Michele Clark in the News: St. Louis Post Dispatch about Retirement

In the St Louis Post Dispatch article “Gallagher: Can You Afford to Retire?” Jim Gallagher discusses a recent report by the Government Accountability Office (GAO) that estimated how much of your pre-retirement income one would need for retirement spending. I shared my experience with helping pre-retirees plan for retirement and how surprised people are by how expensive healthcare can be in retirement. Especially when you look at the impact that inflation has on it over time.  I also shared the figures I used when planning for retirees who do not have employer provided retiree healthcare.

Healthcare expenses are a significant portion of retirement spending and can prevent people from being on track for their retirement goals.

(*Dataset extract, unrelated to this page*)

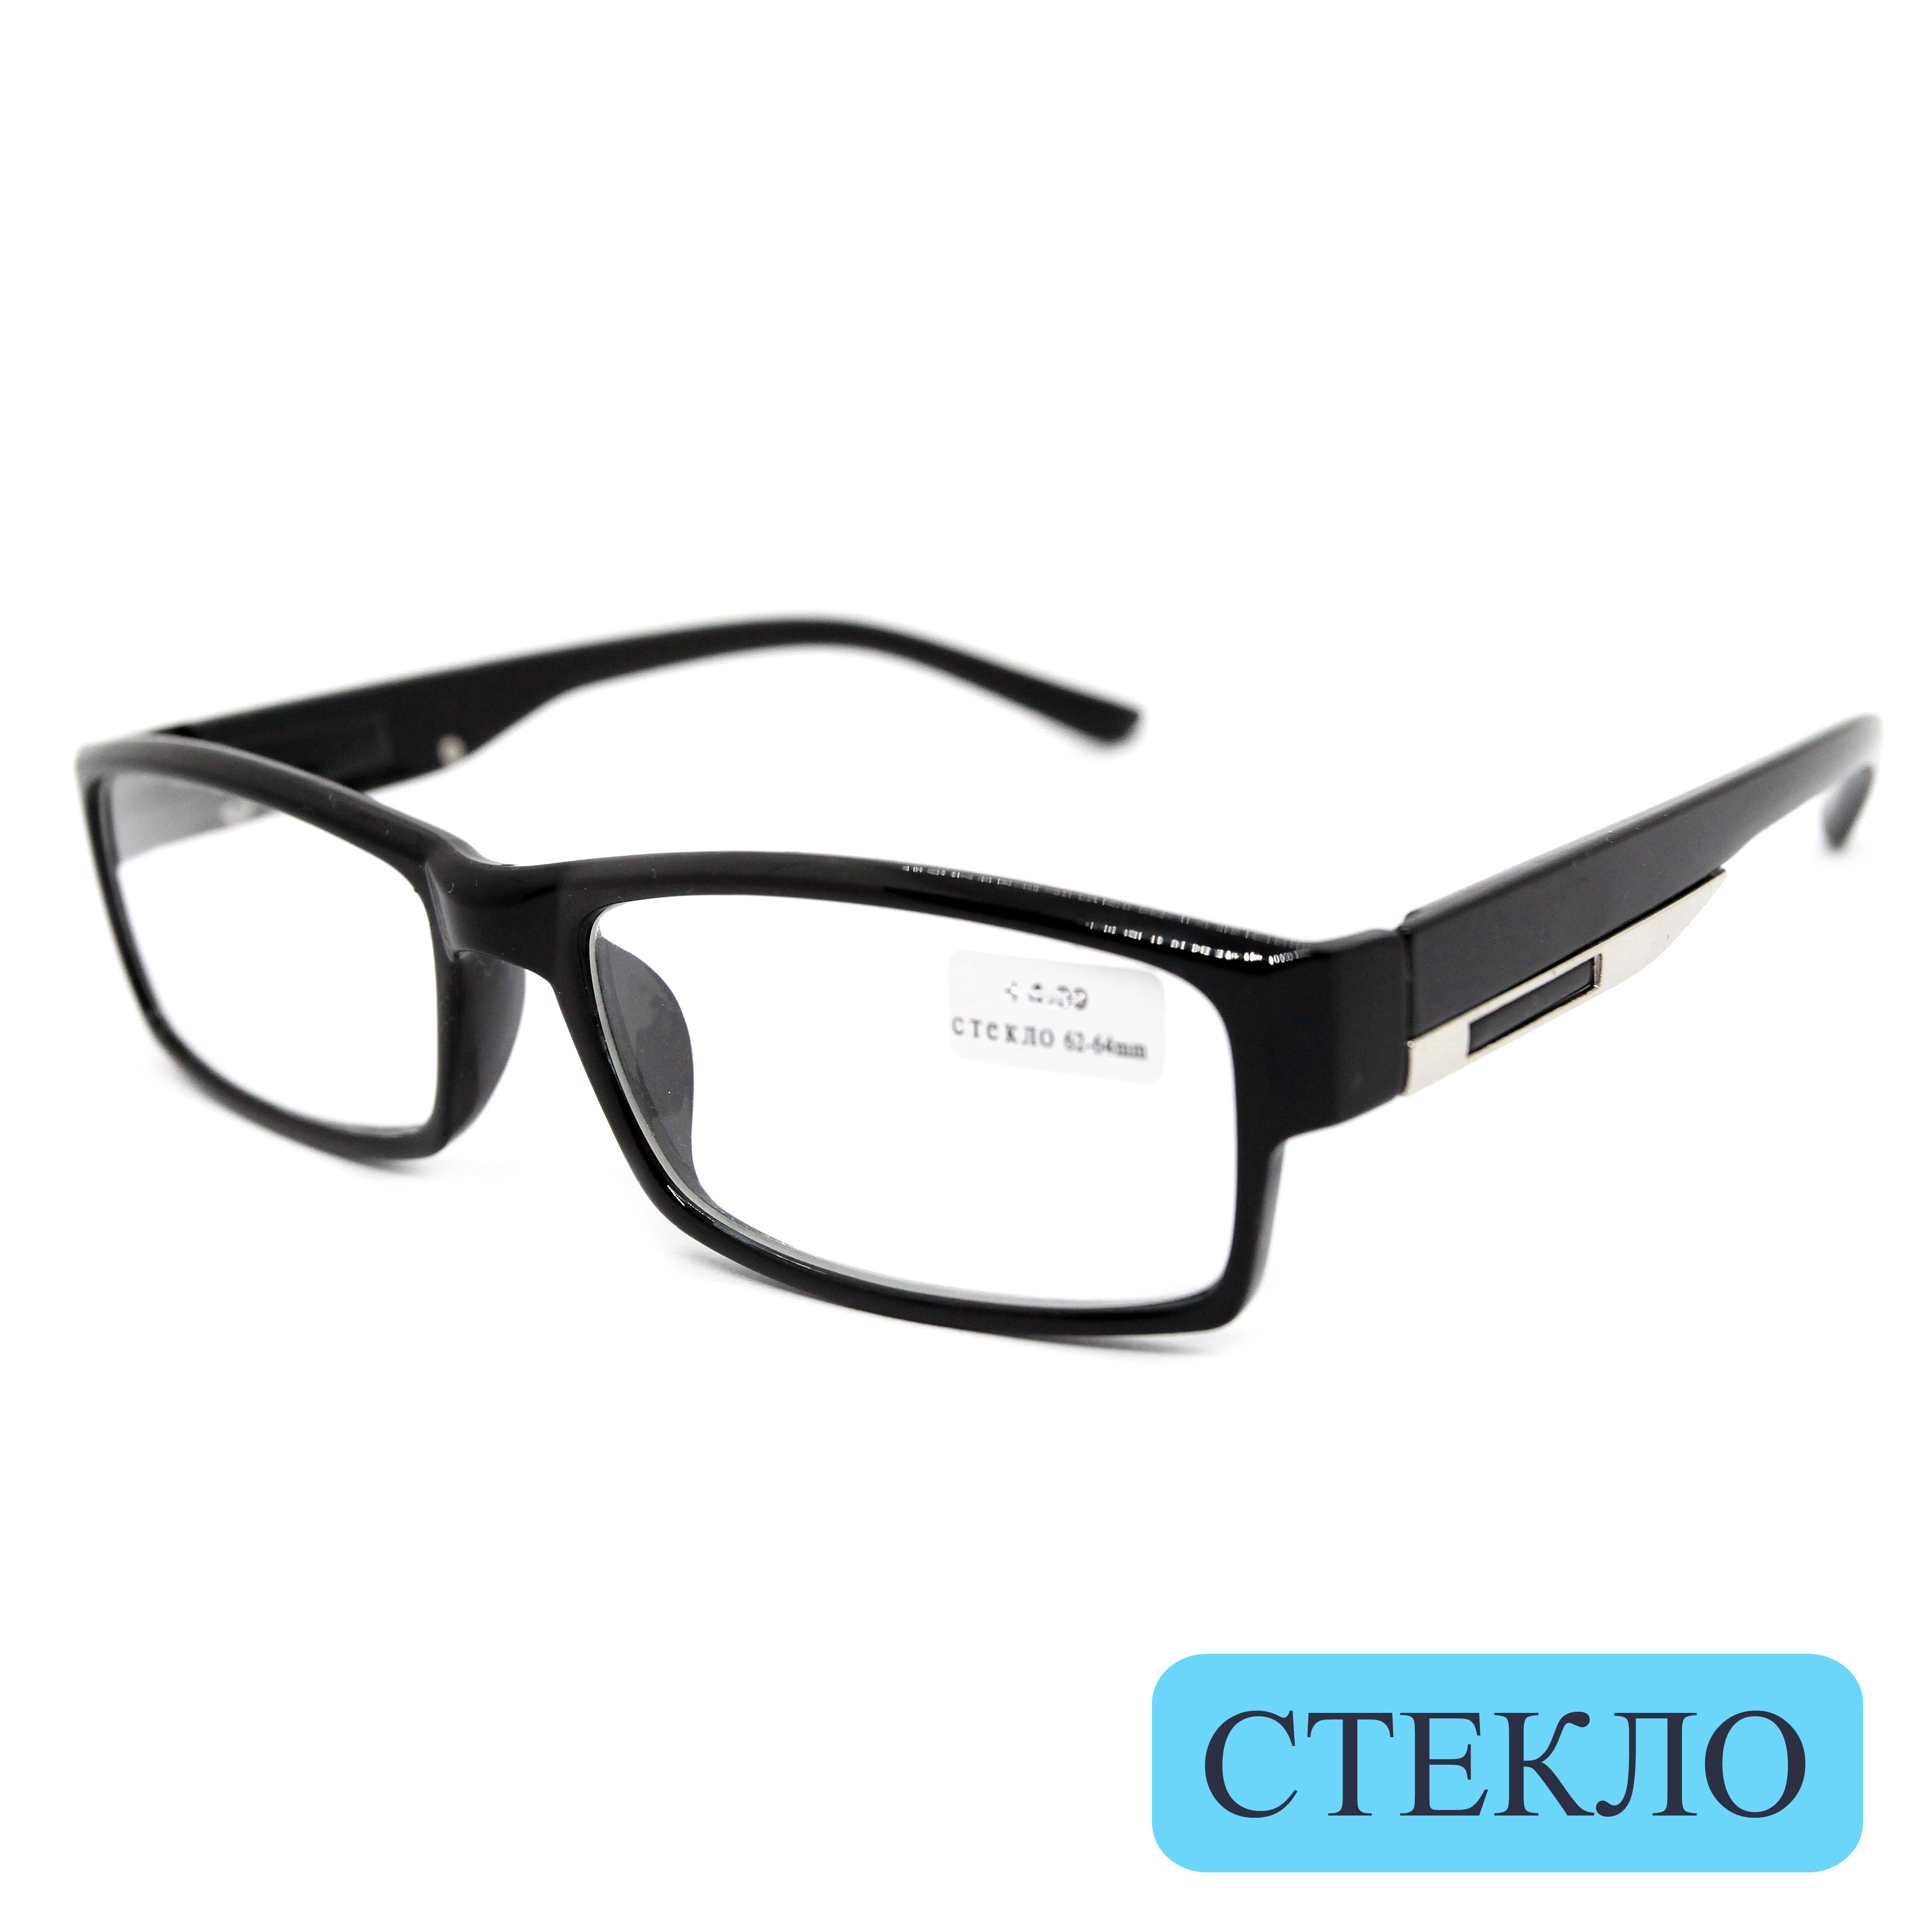 Готовые очки ВОСТОК 6613, со стеклянной линзой, +0,75, без футляра, черные, РЦ 62-64

In order to get on track you usually have to make adjustments such as;

1) increase the amount you are saving toward retirement, or

2) consider a later retirement age, or

3) spending less on other financial goals in retirement

or some combination of those three variables in order to reach your most important financial goals in retirement.

Jim also included information that I shared with him about the most common mistake I see when potential clients come in and would like me to double check their math to see if they can afford to retire. It is that they have added up their sources of income such as portfolio, Social Security, pension, etc. and compared it to their expected expenses their first year of retirement and since the two numbers (income verses expenses) finally match up they think they can afford to retire.  I know that that is a dangerous assumption because I have run so many financial plans and I have a lot of experience seeing the impact of inflation therefore I know that in a few years the income sources will not be covering the expenses due to the different inflation assumptions for income sources versus expense items.  For example Social Security income we assume will inflate at 2% while healthcare expenses we assume inflate at 6%.  The better course of action is to run a Monte Carlo analysis to determine if your money will last a lifetime and if not what changes to the three variables listed above would need to be made.

Some clients that initially hire me discover that they are already on track to make all of their retirement needs, wants, and wishes come true. But for most folks, we must create a plan with action steps to get there.  I have noticed that some people who thought they were on track were not, and some people who thought they were not, were.  Give yourself enough years before you would like to retire so that you can create the retirement for yourself that you deserve.  Especially considering what you now know about healthcare expenses and inflation!